Friday, October 4, 2019

Five SC judges recuse from Navlakha case in four days


None Of Them Gives Reason For Doing So


Justice S Ravindra Bhat on Thursday became the fifth Supreme Court judge to decline to hear activist Gautam Navlakha’s plea for quashing of an FIR against him in the Elgar Parishad case.


Navlakha had moved the Supreme Court against the Bombay high court’s September 13 verdict that refused to quash the FIR lodged against him in the case for alleged Maoist links after noting that there was prima facie substance in the case.

With Navlakha’s protection from arrest ending on Friday, the SC agreed to his counsel senior advocate Abhishek Manu Singhvi’s request that his plea for scrapping the FIR be listed on Friday.

Navlakha’s petition was first listed on September 30 before a bench headed by CJI Ranjan Gogoi who recused himself from hearing the case. His plea was then listed before a bench of Justices N V Ramana, R Subhash Reddy and B R Gavai and all three judges recused themselves and asked the CJI to list the case before another bench.

The recusal by the judges is fairly unprecedented. The case was assigned to a bench of Justices Arun Mishra, Vineet Saran and S Ravindra Bhat. When the case was taken up for hearing, Justice Bhat became the fifth judge to recuse himself in four days.

None of the five judges gave any reason for their withdrawing from hearing the case, but Singhvi said Justice Bhat may have appeared as a lawyer for the organisation with which Navlakha was associated.


‘Justice Bhat’s decision to recuse understandable’
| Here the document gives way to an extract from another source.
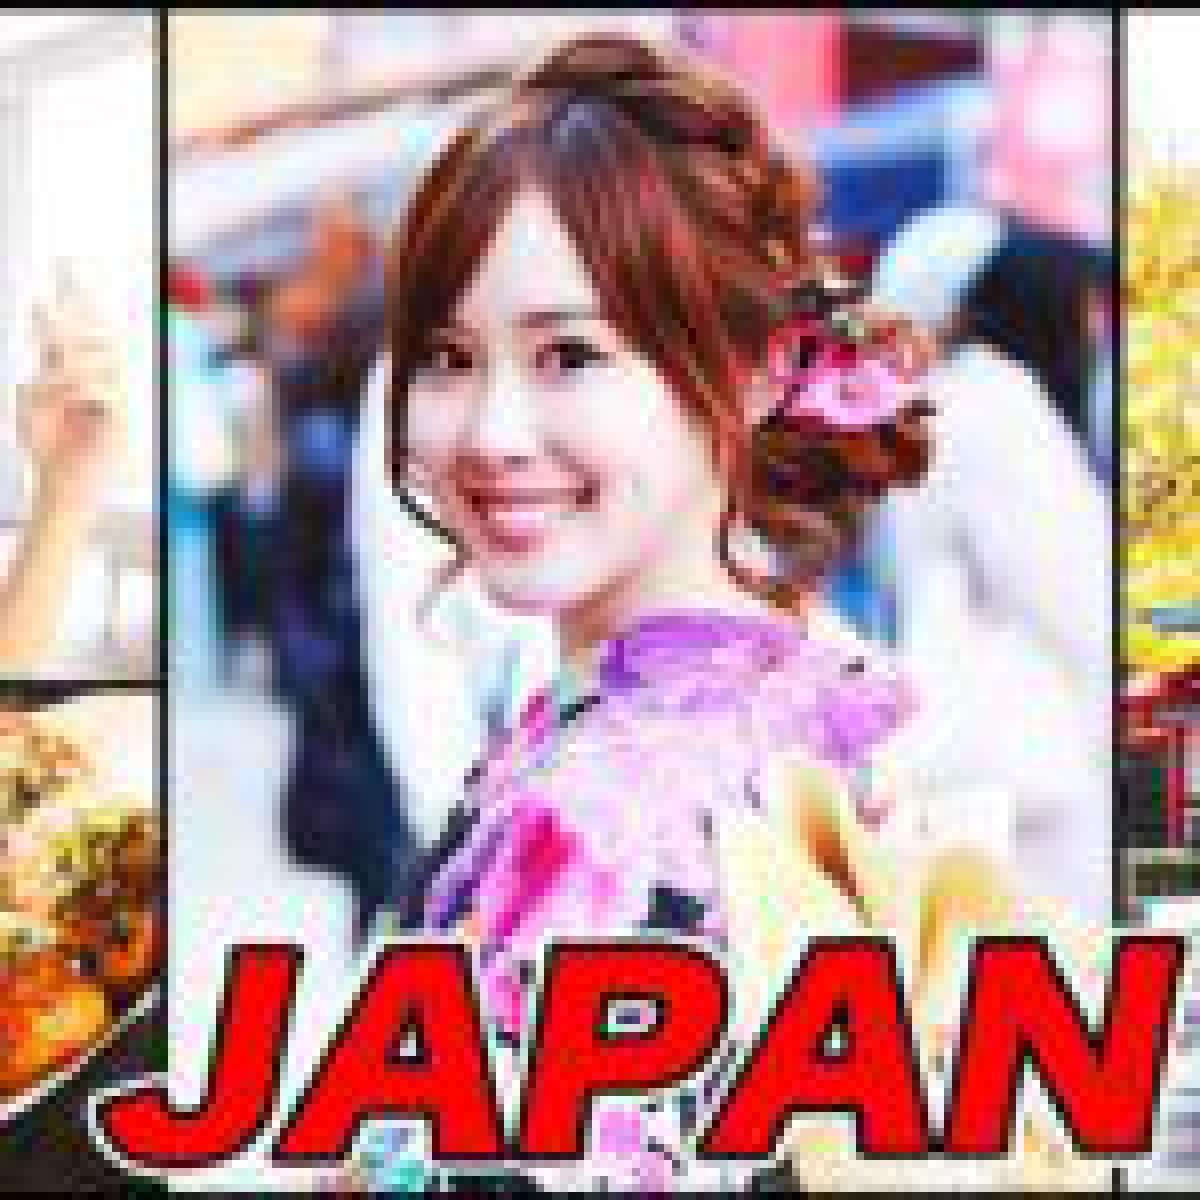 【初めての浅草】ベストコスメでメイク、ヘア、着物、食べ歩き in JAPAN【Get Ready With Me 2018 + Tokyo Travel Vlog】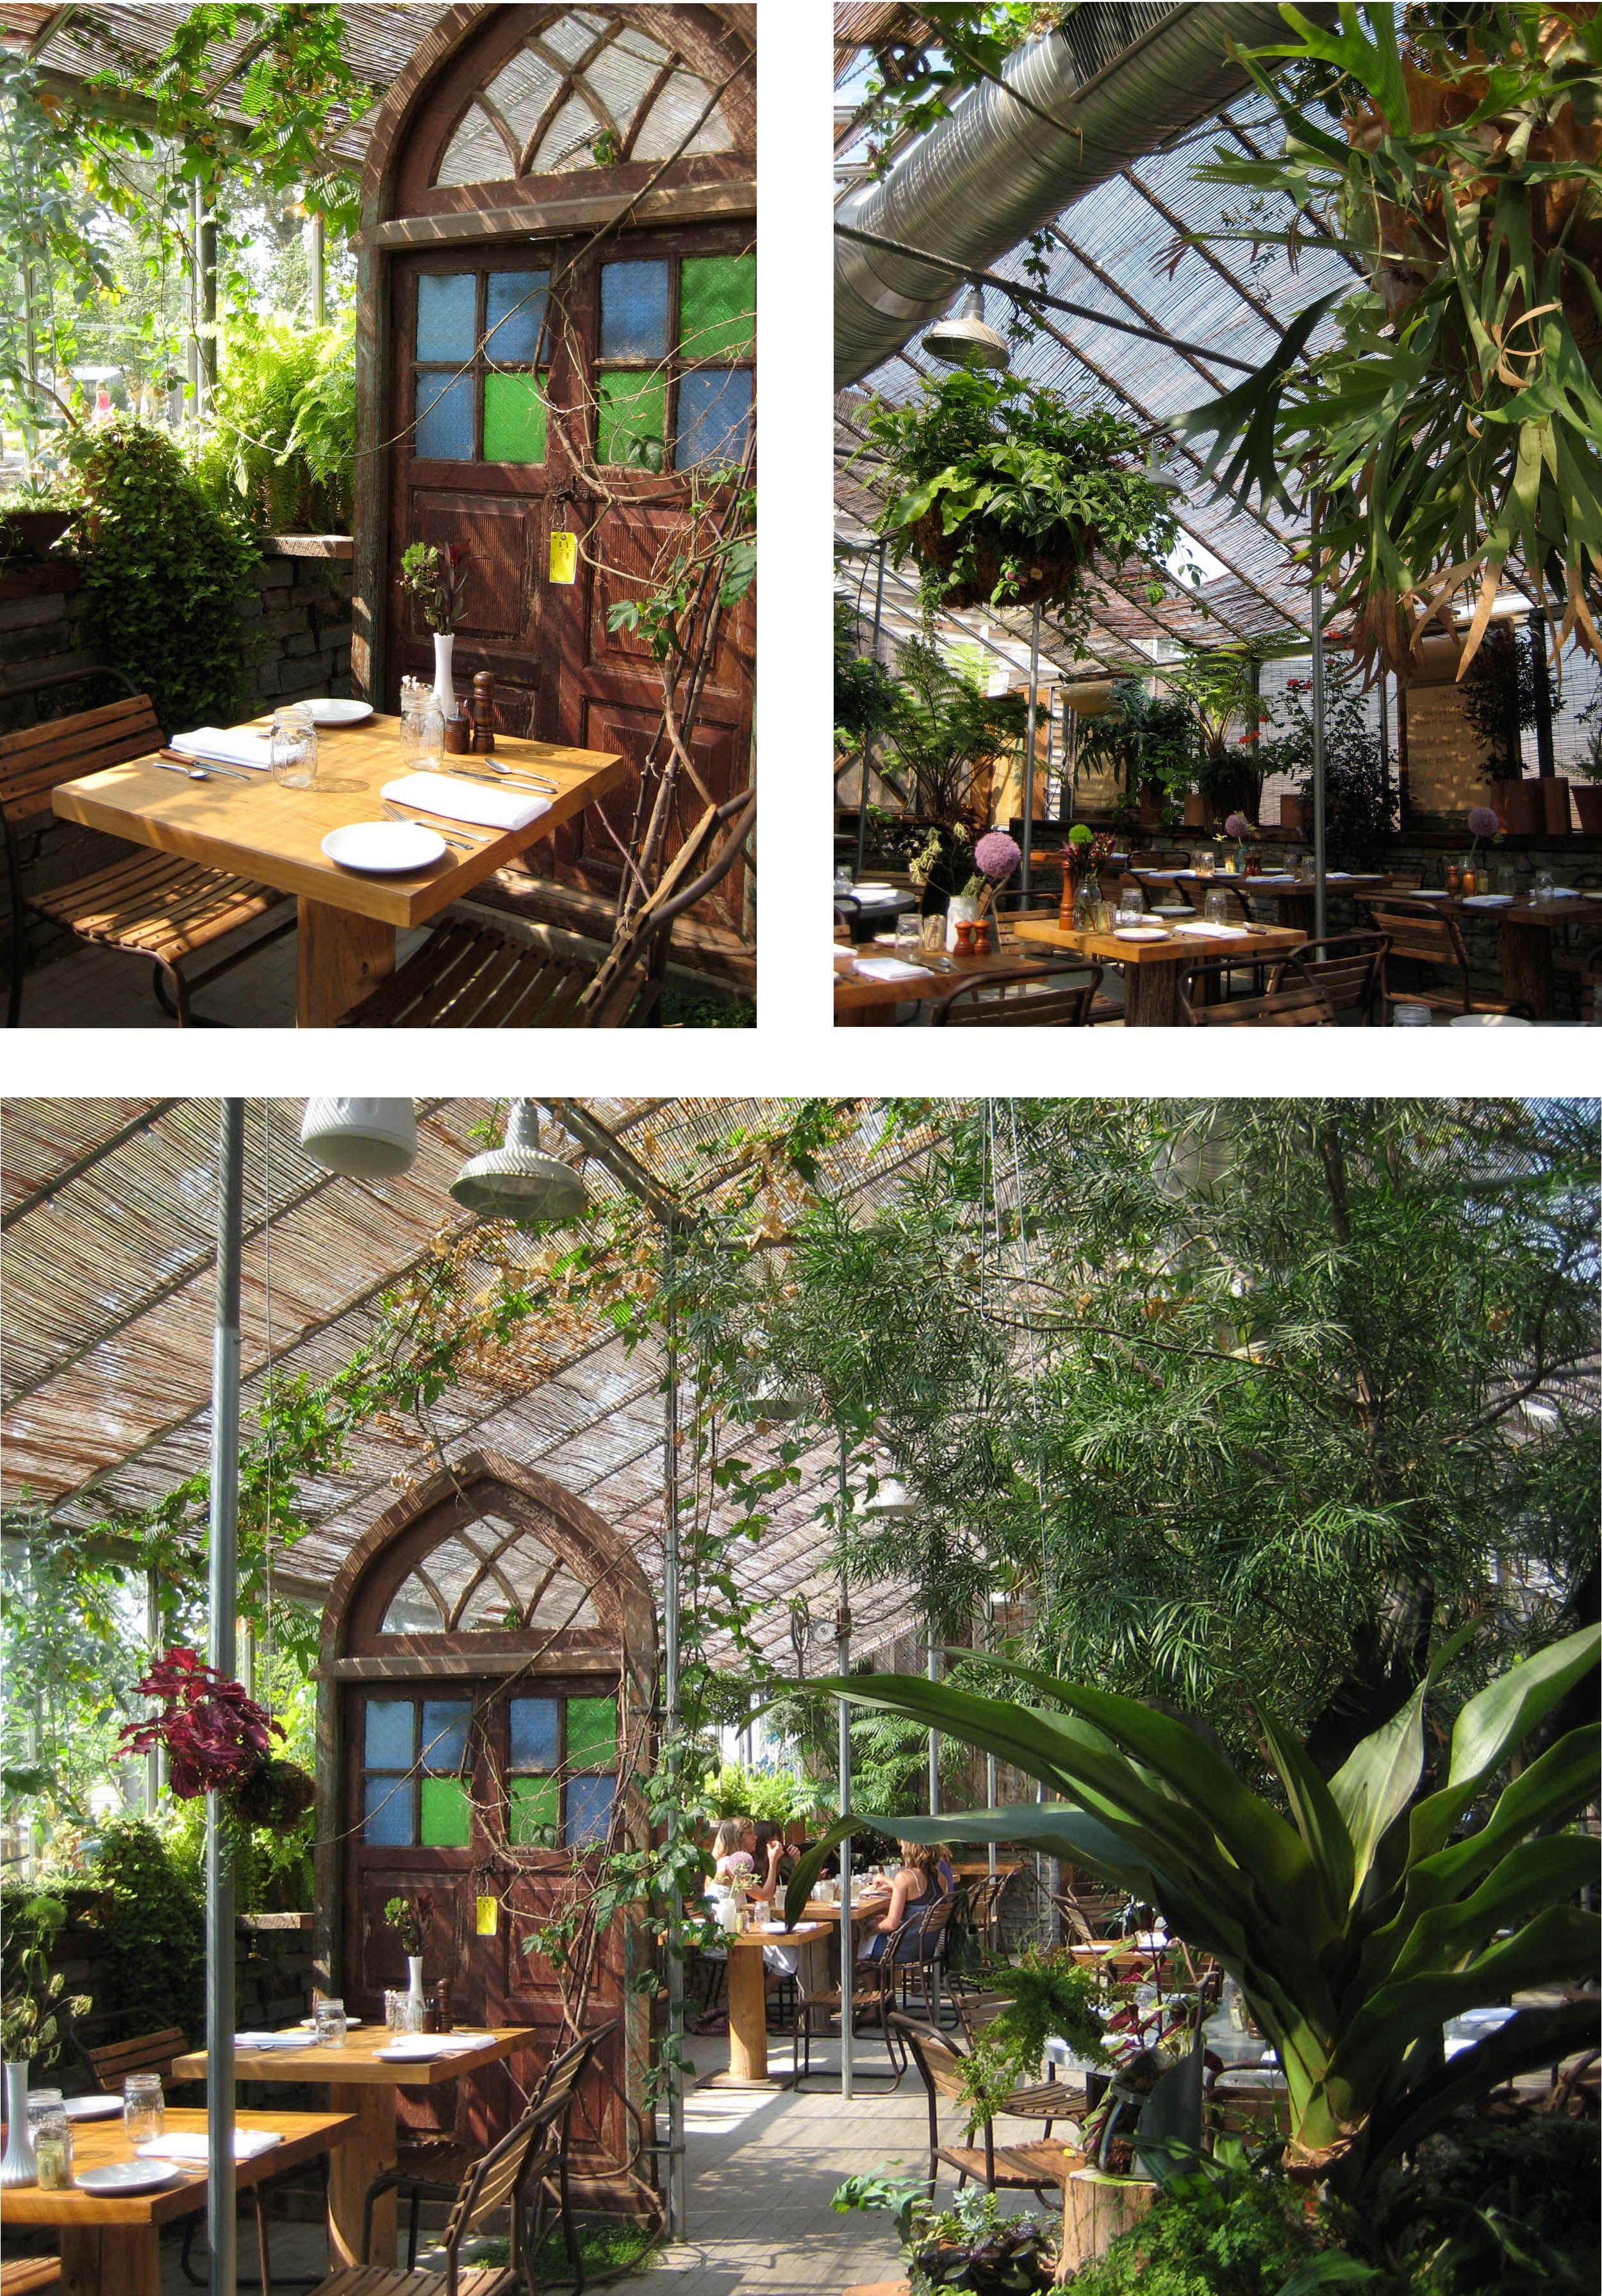 terrain garden cafe   Greenhouse cafe, Garden cafe, Garden ...

It is quite understandable that Justice Bhat recused himself either because he had appeared as counsel for or was a member of People’s Union for Democratic Rights,” Singhvi said.

Judges have recused when there is either a conflict of interest or in cases where they had appeared for any one of the parties while practising as a lawyer. Recently, Justice U U Lalit recused himself from the Ayodhya land dispute case as he had appeared for one of the persons accused in the Babri Masjid demolition case.

Retired Justice Markandey Katju had recused from Novartis case on grounds that he had written an article on grant of pharma patents.

Former CJI S H Kapadia had expressed unwillingness to hear a case involving Vedanta on the ground that he owned some shares of the company but the lawyers had insisted that they did not have any objection if a bench comprising him adjudicated the dispute.